Recorded data Block Start
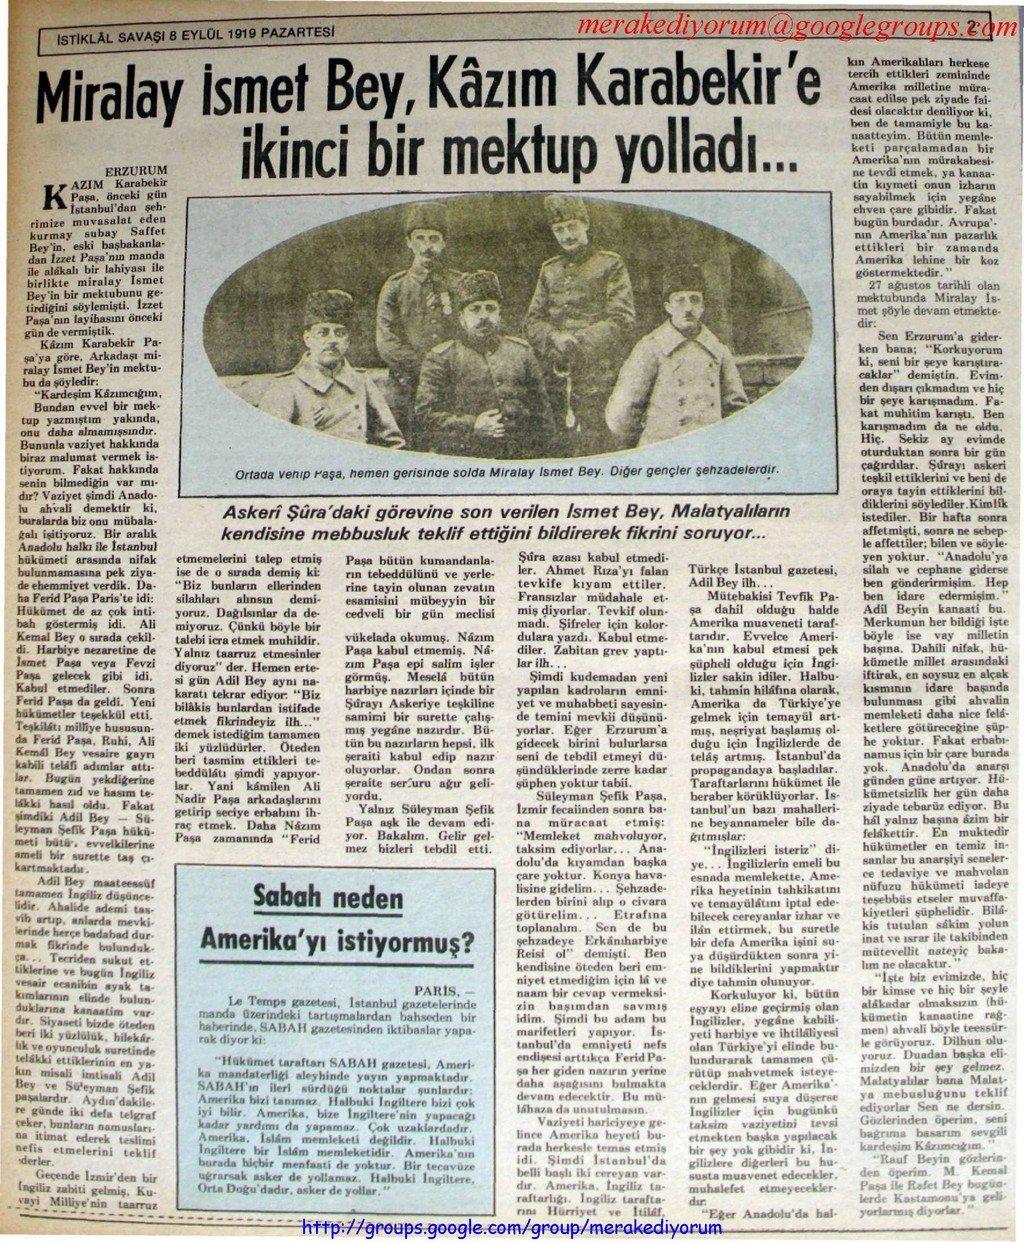 istiklal savaşı gazetesi - 8 eylül 1919
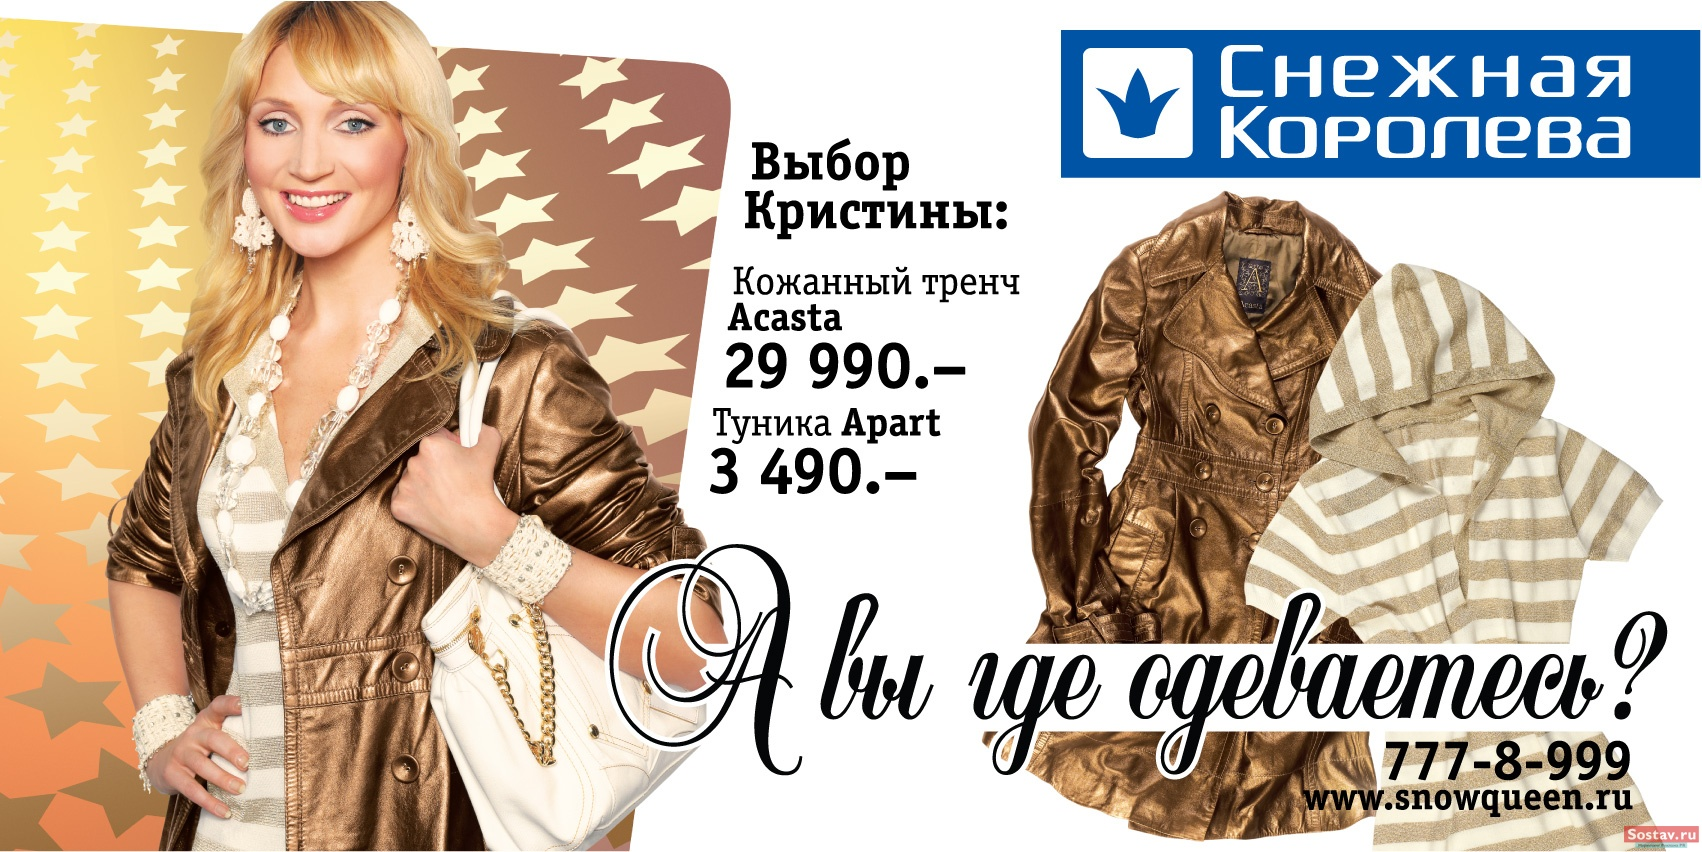 Снежная Королева Каталог Одежда
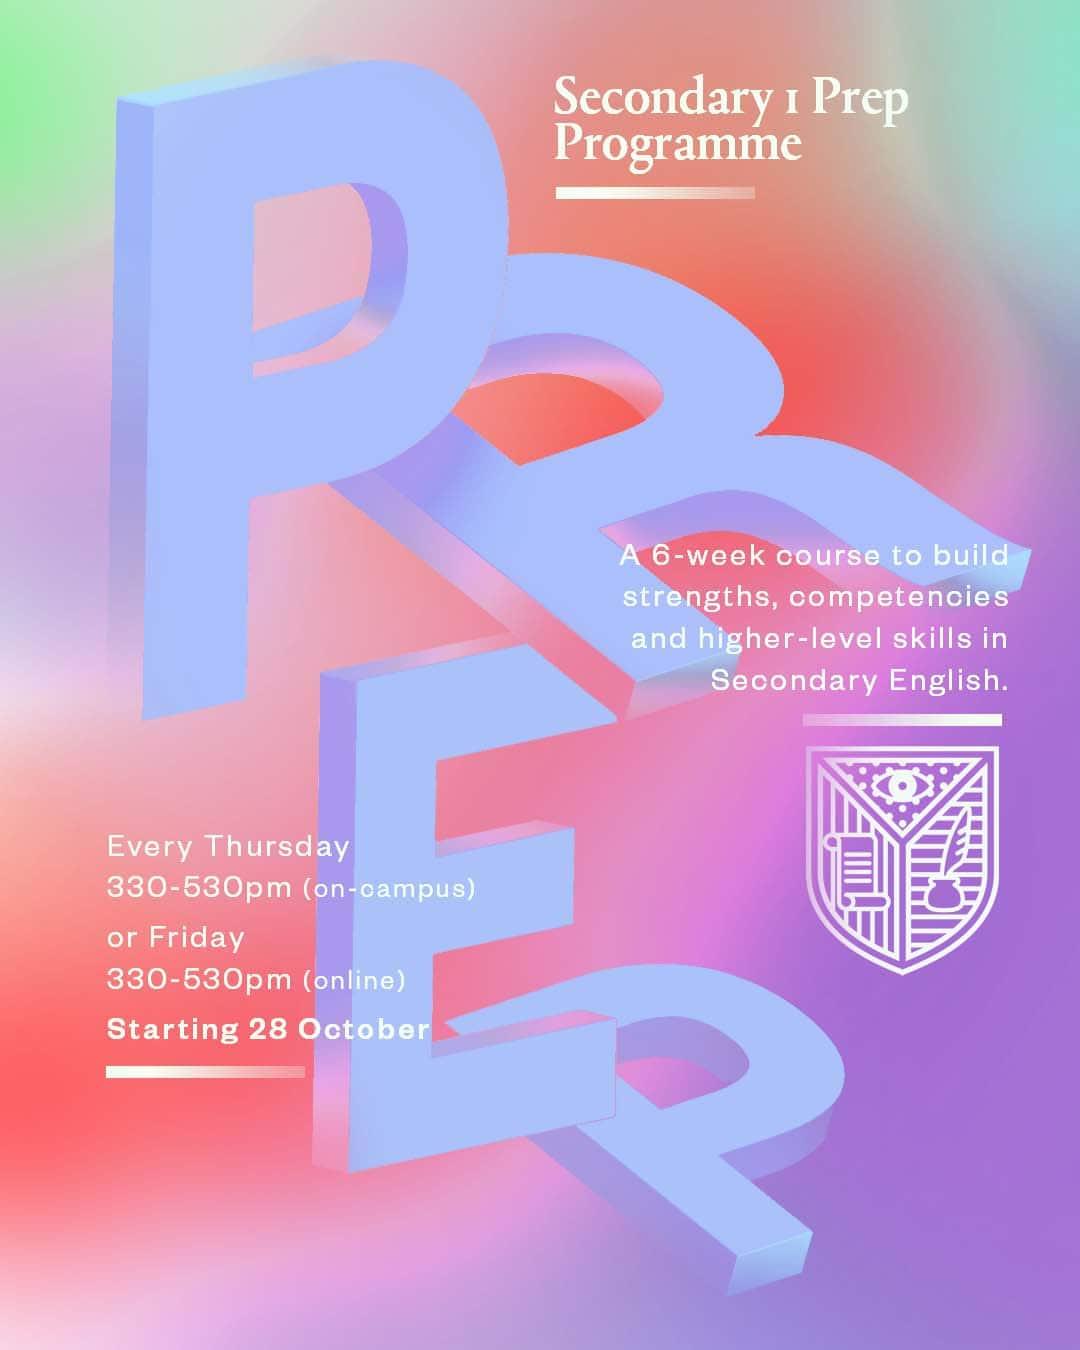 Information on Academia's 2021 Secondary Prep Programme
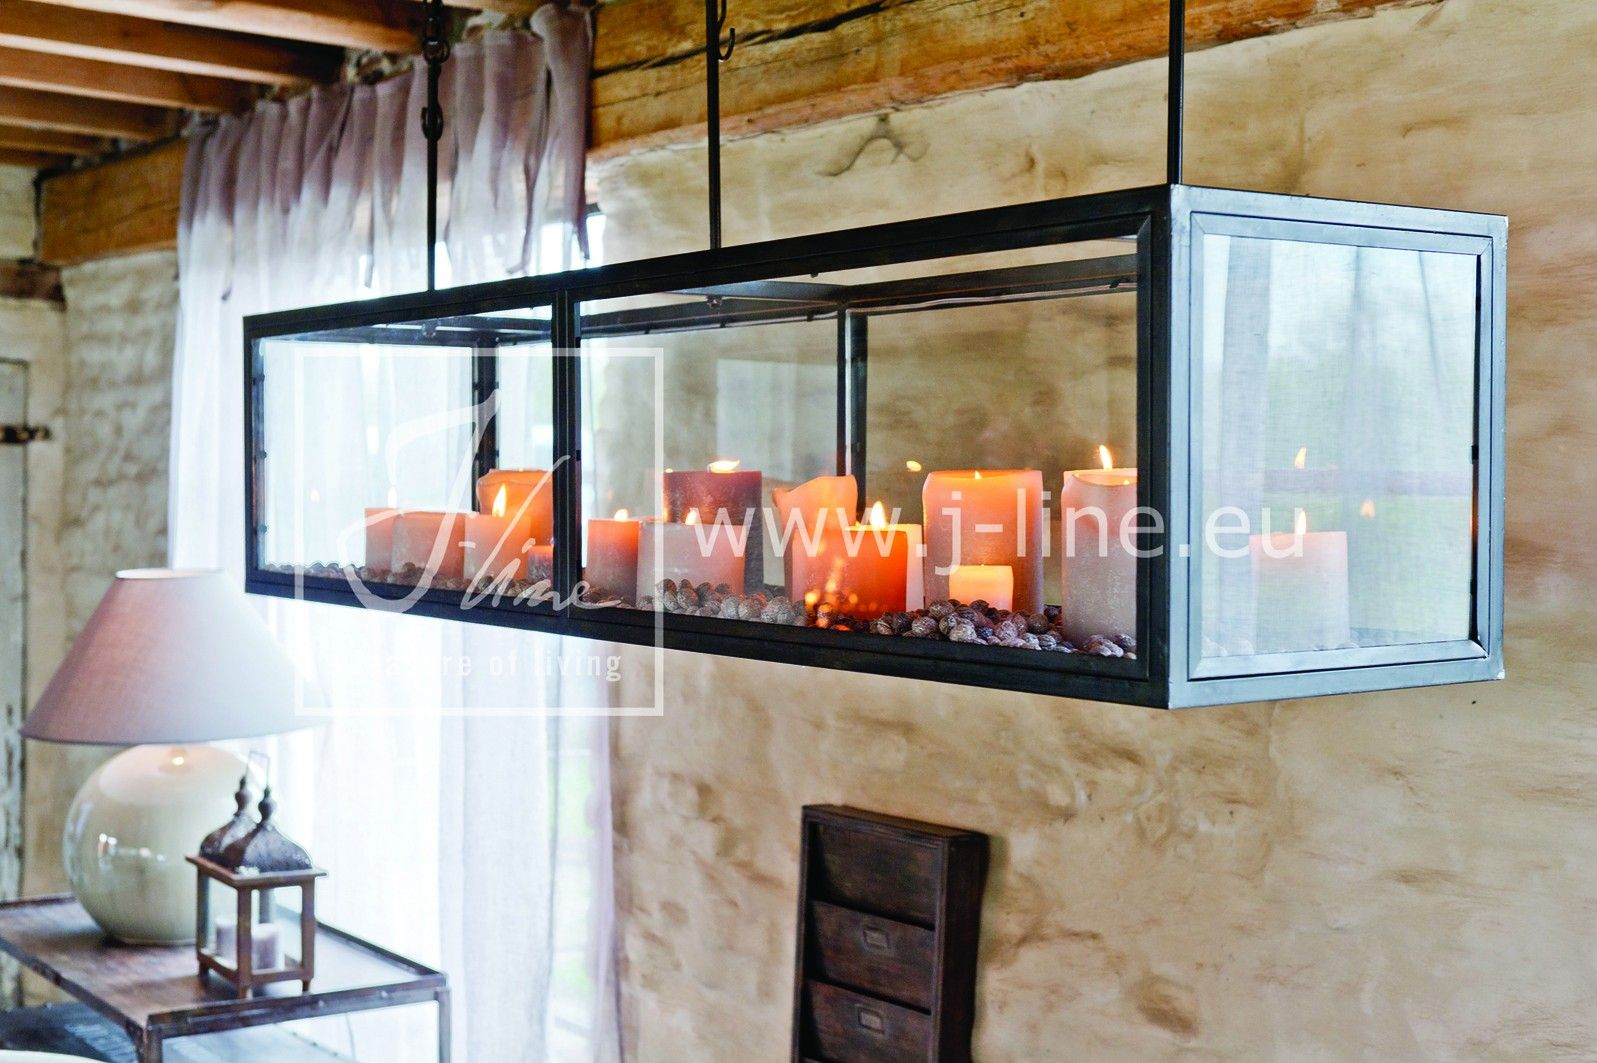 Kaarshouder Als Sfeervolle Verlichting J Line Thuisdecoratie Verlichting Interieur
Recorded data Block End
◆ **Work to be completed**
Find the line that contains "Information on Academia's". Copy it and every line after it through the end of the listing exactly, but not the pictures.

◆ **Answer to this task**
 Information on Academia's 2021 Secondary Prep Programme
 Kaarshouder Als Sfeervolle Verlichting J Line Thuisdecoratie Verlichting Interieur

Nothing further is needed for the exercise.